Principal Investigator: Elizabeth Yen, MD

This pilot study is aimed at furthering our understanding of prototypical feeding behaviors in newborns born to mothers who used opiates and/or cannabinoids during pregnancy. It is well known that infants born drug-exposed may struggle with their oral feeding skills or may consume 20-40% more calories per day than infants who were not drug exposed during gestation. Our understanding of the molecular mechanisms involved in these feeding behaviors is poorly understood. By comparing the salivary expression of key hypothalamic regulatory genes and/or proteins known to be assoicated with feeding and reward behaviors between drug and non-drug exposed newborns, we hoped to elucidate biological mechanisms responsible for aberrent feeding behaviors.

Study details

Inclusion Criteria
  • Neonates born between 34 up to 42 weeks’ gestation.
  • Neonates born to mothers with positive toxicology screen test for opioids and/or THC during her pregnancy or prior to labor.
  • Control subjects will be mothers and their newborns born at Tufts Medical Center, Melrose-Wakefield Hospital, Lowell General Hospital matched for sex and gestational age, who do not have a prenatal history of drug exposure.
Exclusion Criteria
  • Neonates receiving the pharmacological management of NAS.
  • Infants of diabetic mothers and born in a setting of chorioamnionitis.
  • Infants with congenital and central nervous system anomalies.
Study Requirements

A very small amount of saliva (spit) will be gently suctioned from the infant's mouth or collected using a sponge device. Saliva samples will be collected soon after birth and at various time intervals throughout the hospital stay (e.g., after start of any prescribed medications, following decreasing medications dose and with stopping of medication) and possibly after the discharge from the hospital.

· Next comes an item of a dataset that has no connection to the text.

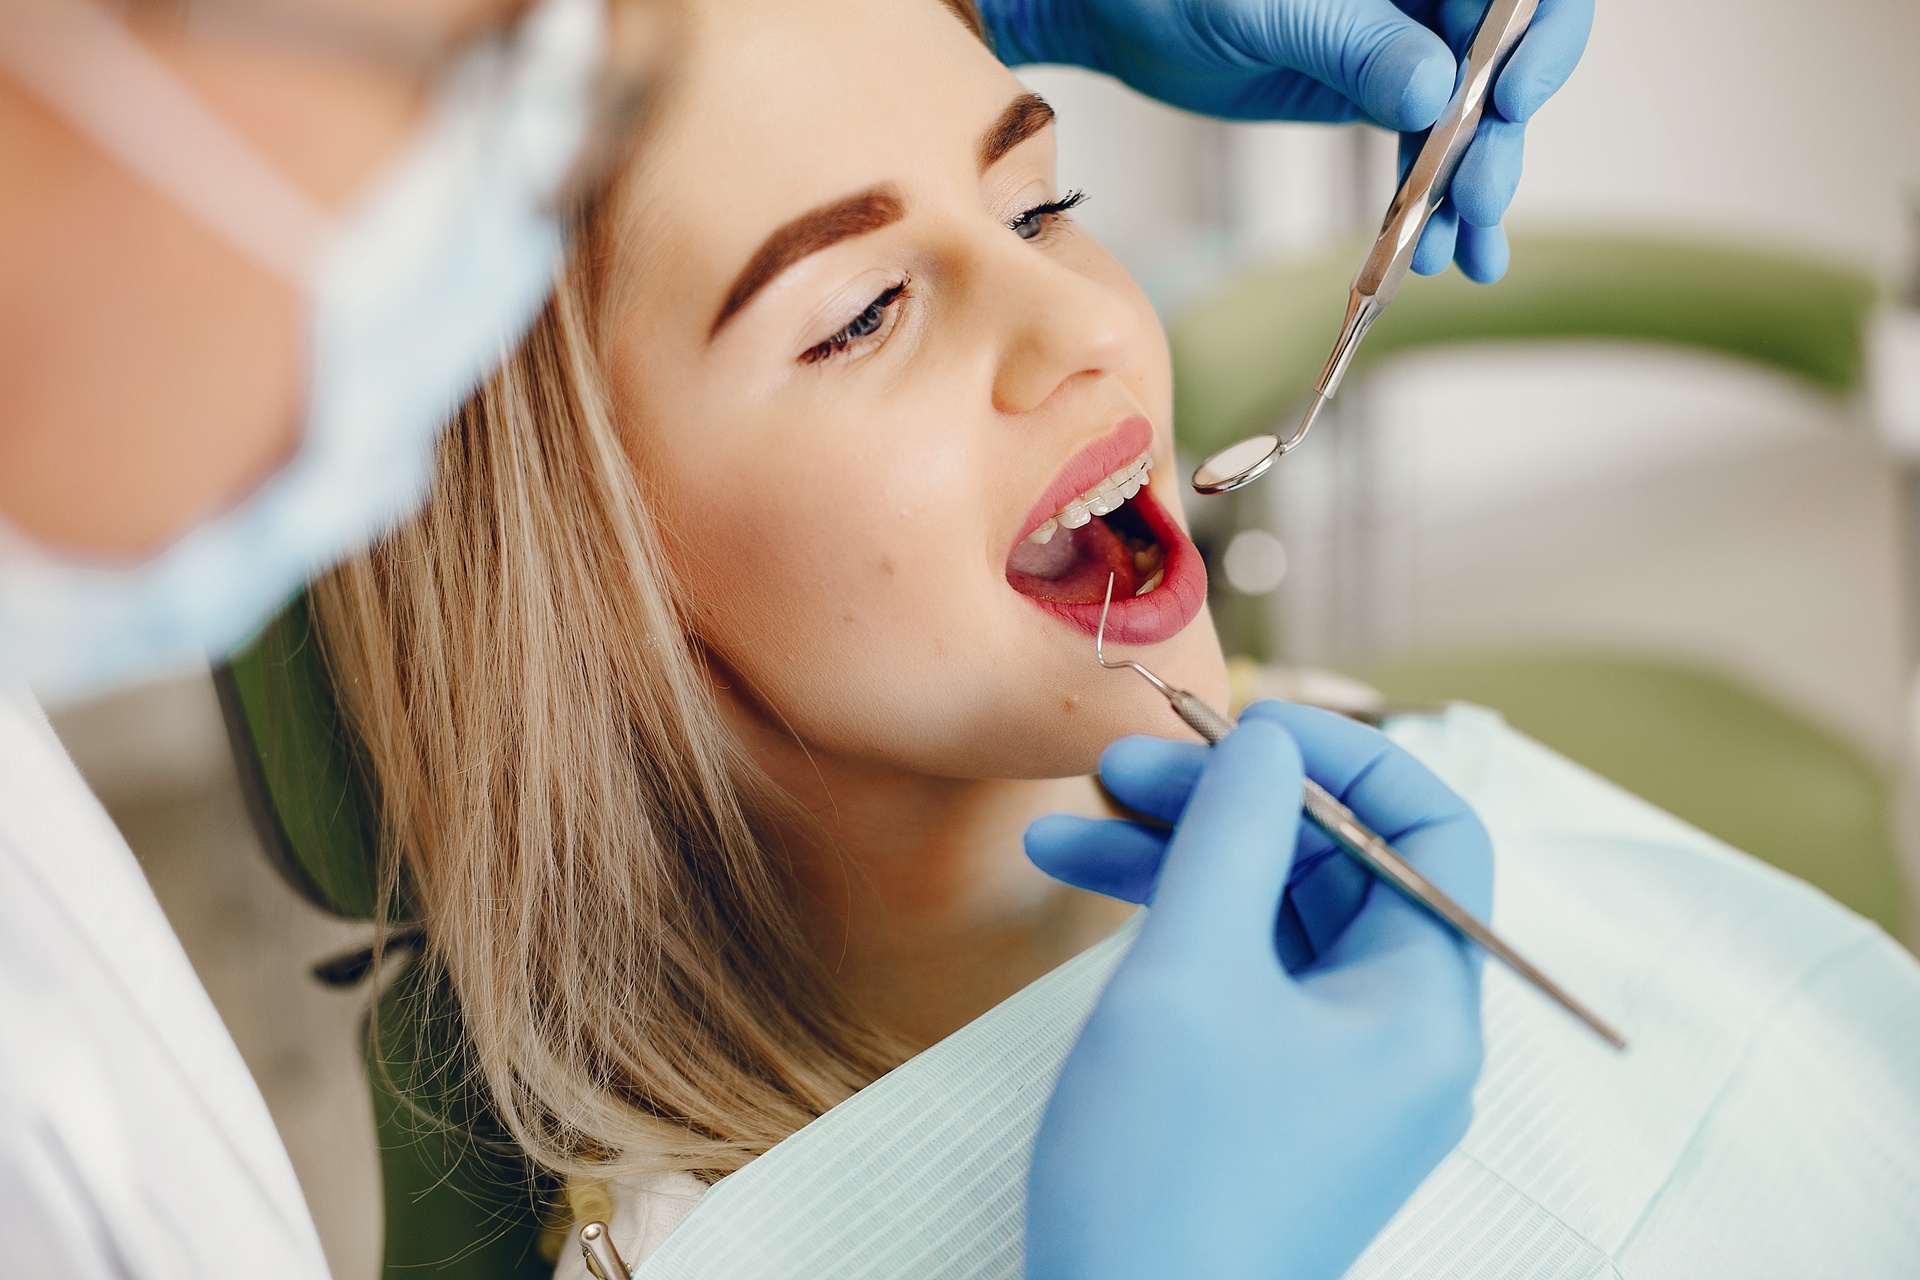 Complication Insure covers expenses related to problems that could be associated with dental procedures.

Post-discharge saliva collection may occur if the infant is followed up at Tufts Pediatric Clinic, and during  routine health checkup appointments up to 18 months of age. Saliva samples will be taken before/after feeding. Alternatively, if the infant is not followed up at Tufts Pediatric Clinic, a saliva collection kit and instructions on how to collect the saliva will be mailed to the subject.

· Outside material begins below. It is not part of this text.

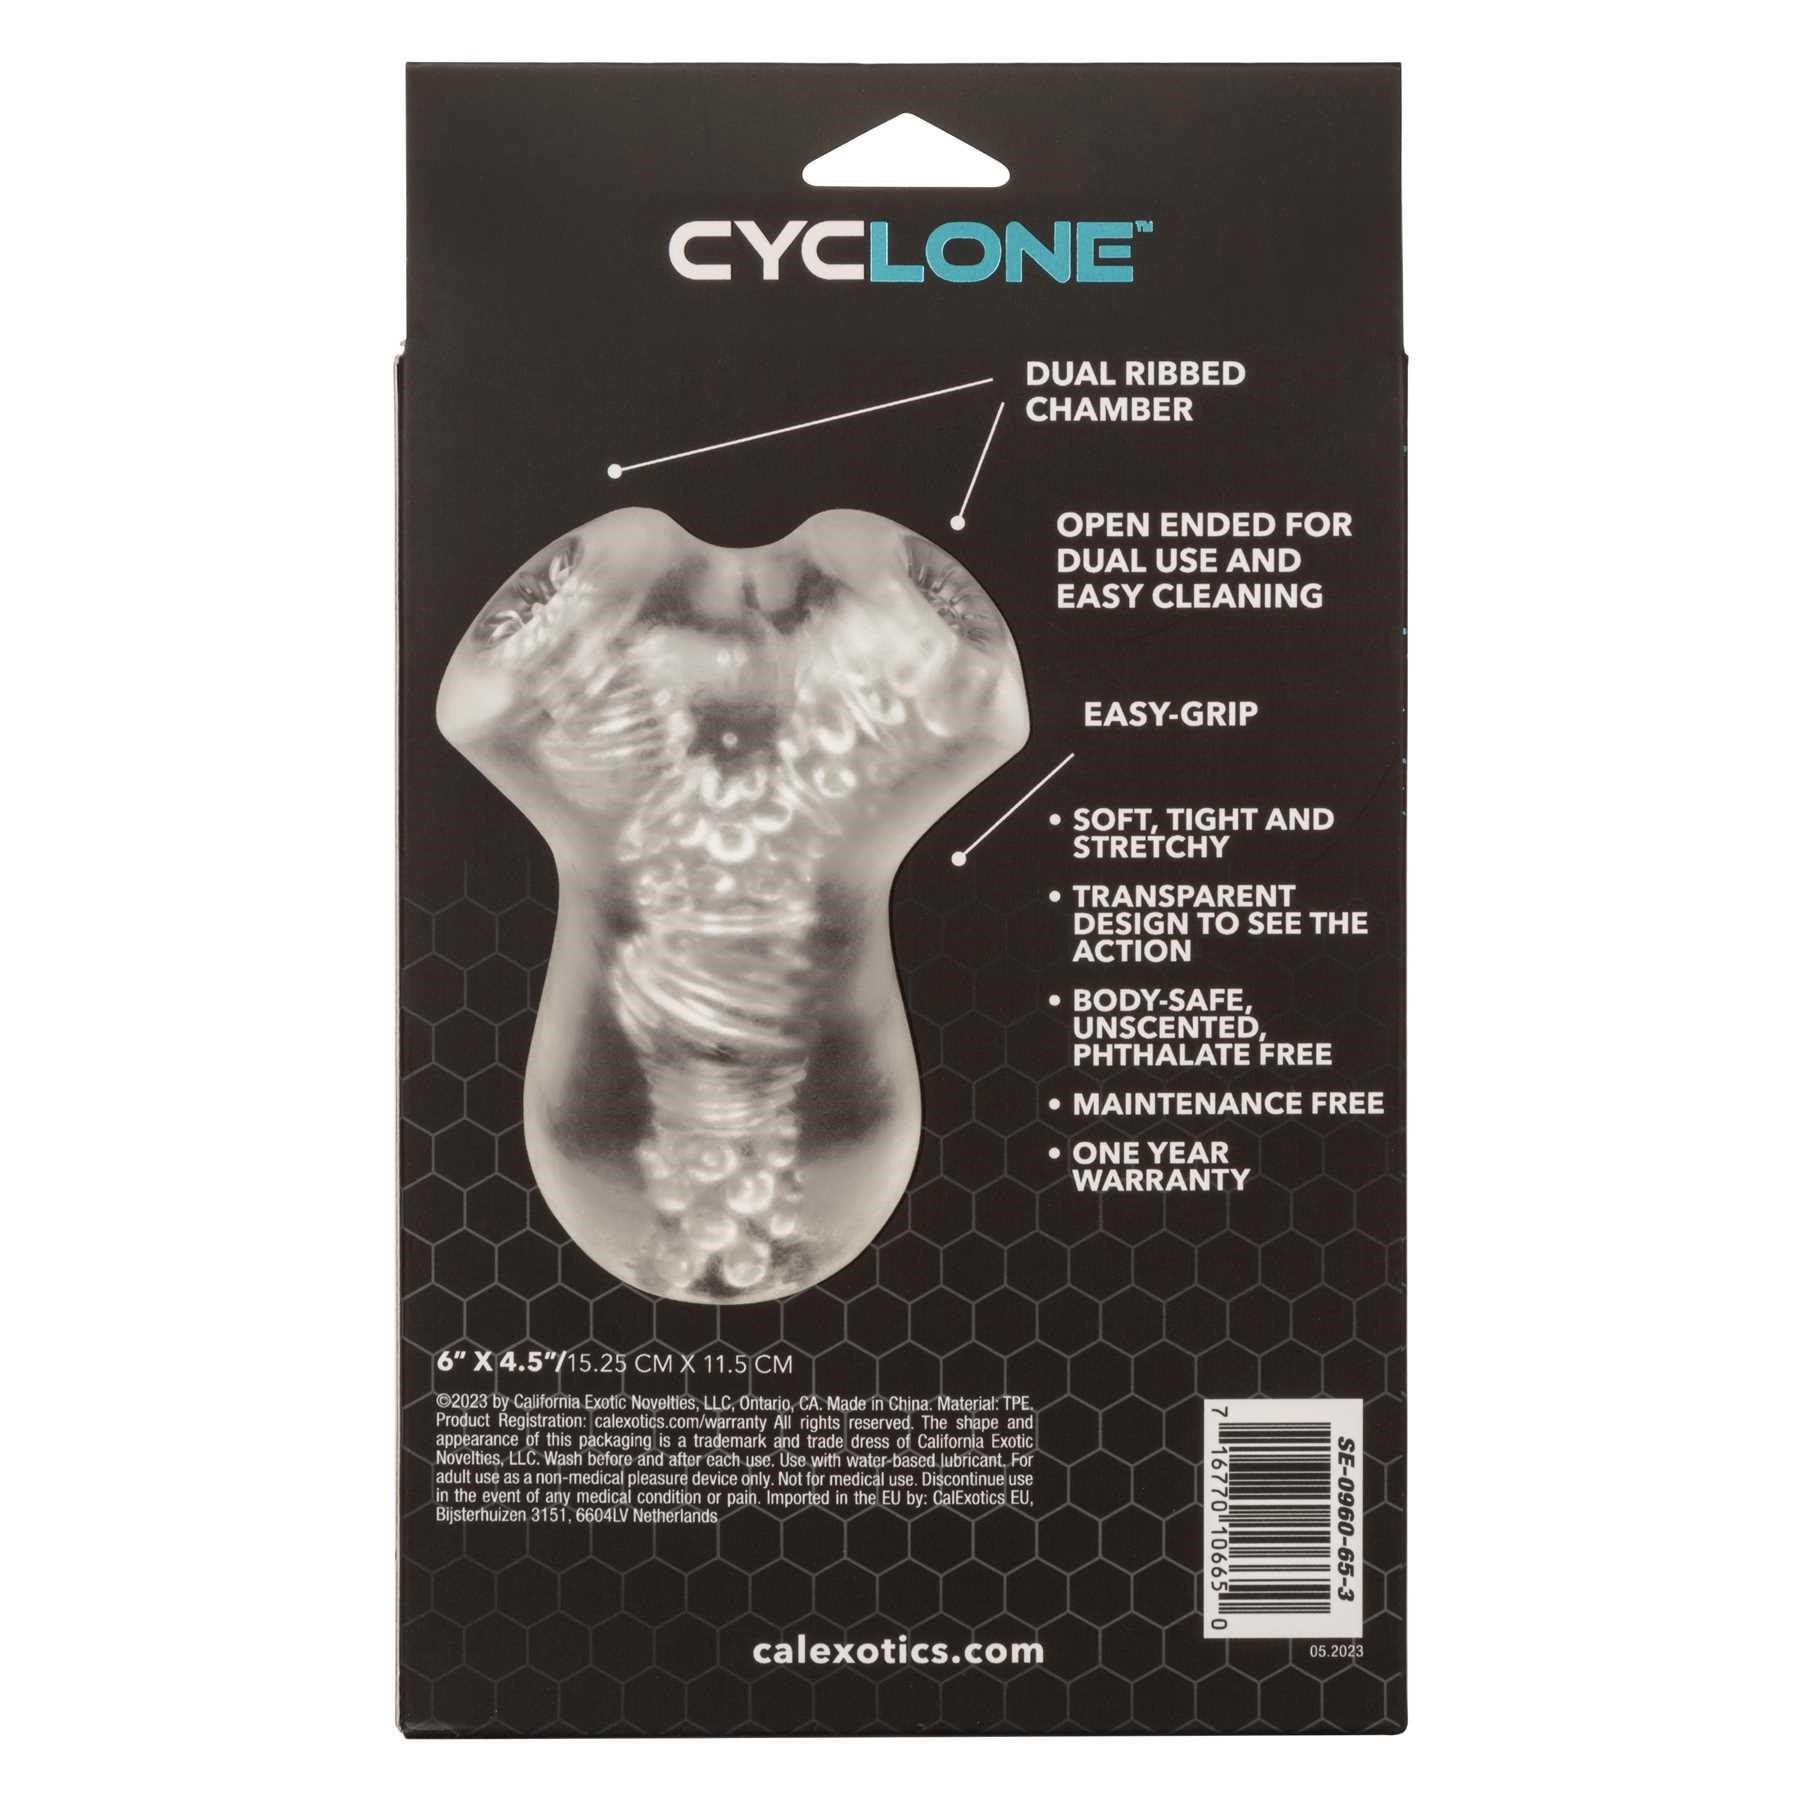 Cyclone Dual Chamber Stroker back of box

In addition to saliva, upon consent, a lipid panel will be added to the routine blood draw (1 mL or one-fifth of a teaspoon) that the subject's pediatricians will obtain by 12 months of age to evaluate for anemia and lead level.

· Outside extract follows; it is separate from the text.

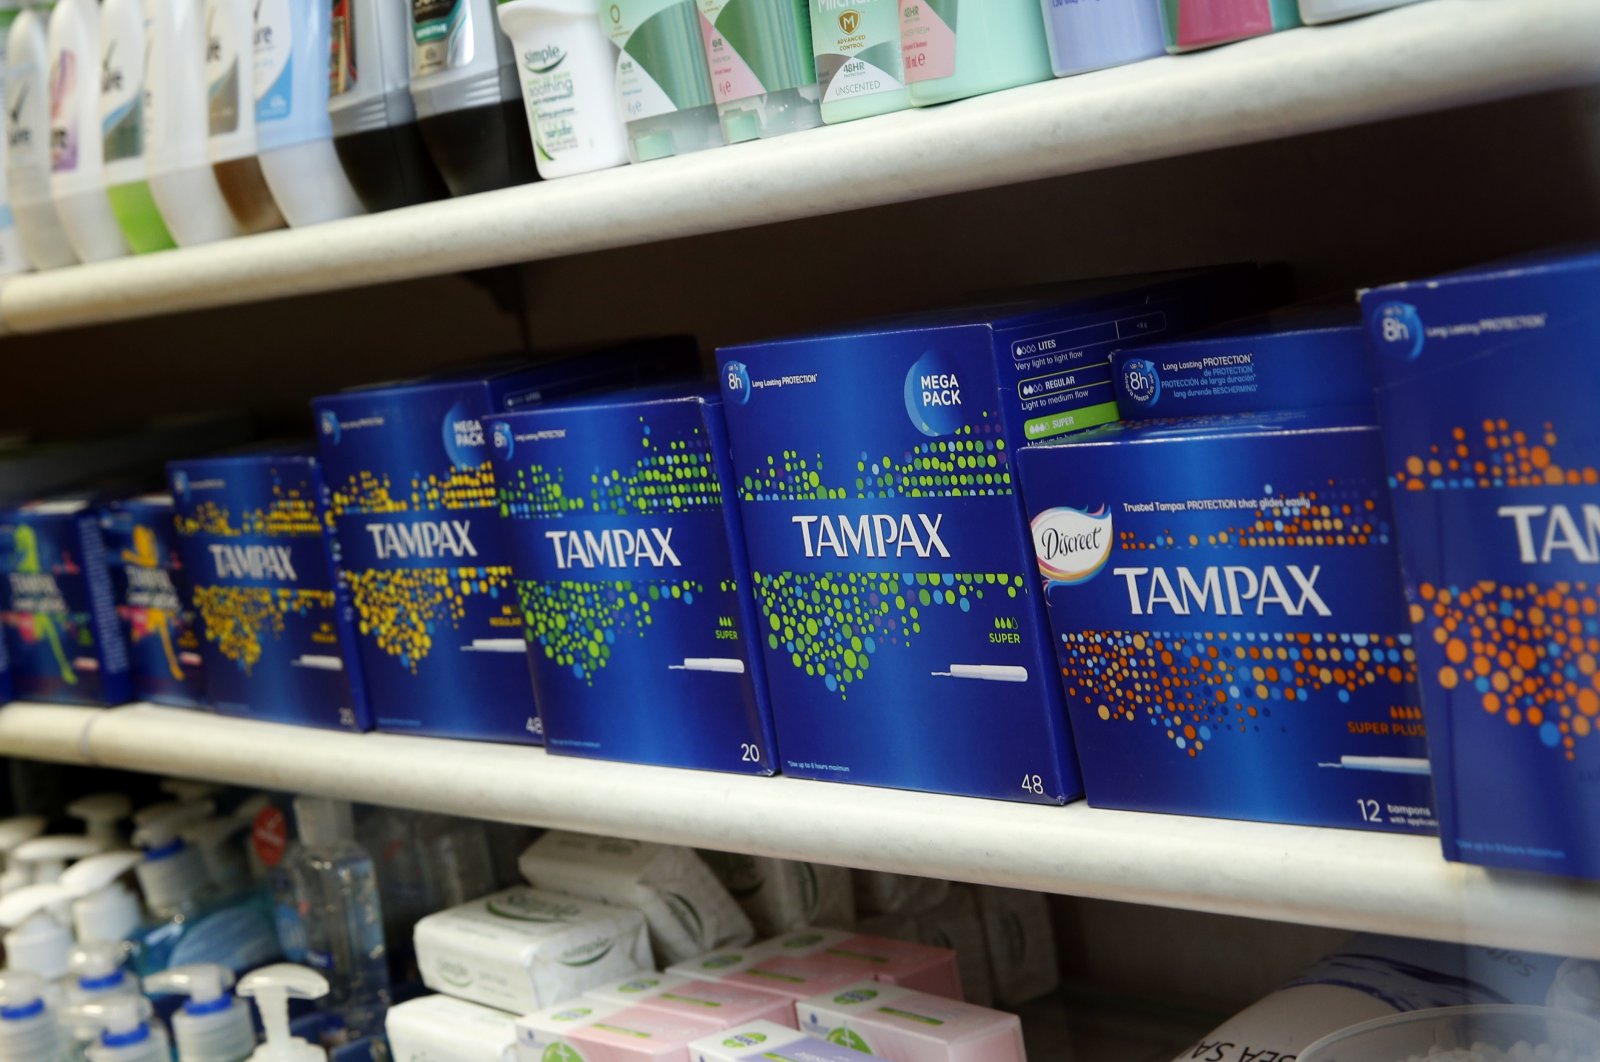 Women's sanitary products on sale at a small pharmacy in London, Friday, March, 18, 2016. (AP Photo)

Brain imaging (magnetic resonance imaging/MRI) will be done shortly after feeding in infants with in utero drug exposure as well as in the sex- and age-matched controls while they are inpatient.

The length of MRI study will be around 30-45 minutes in total. Another MRI will also be done at approximately 2 months of age, upon consent.

Subjects will complete three developmental questionnaires at 6-, 12-, and 18-months of age, upon consent.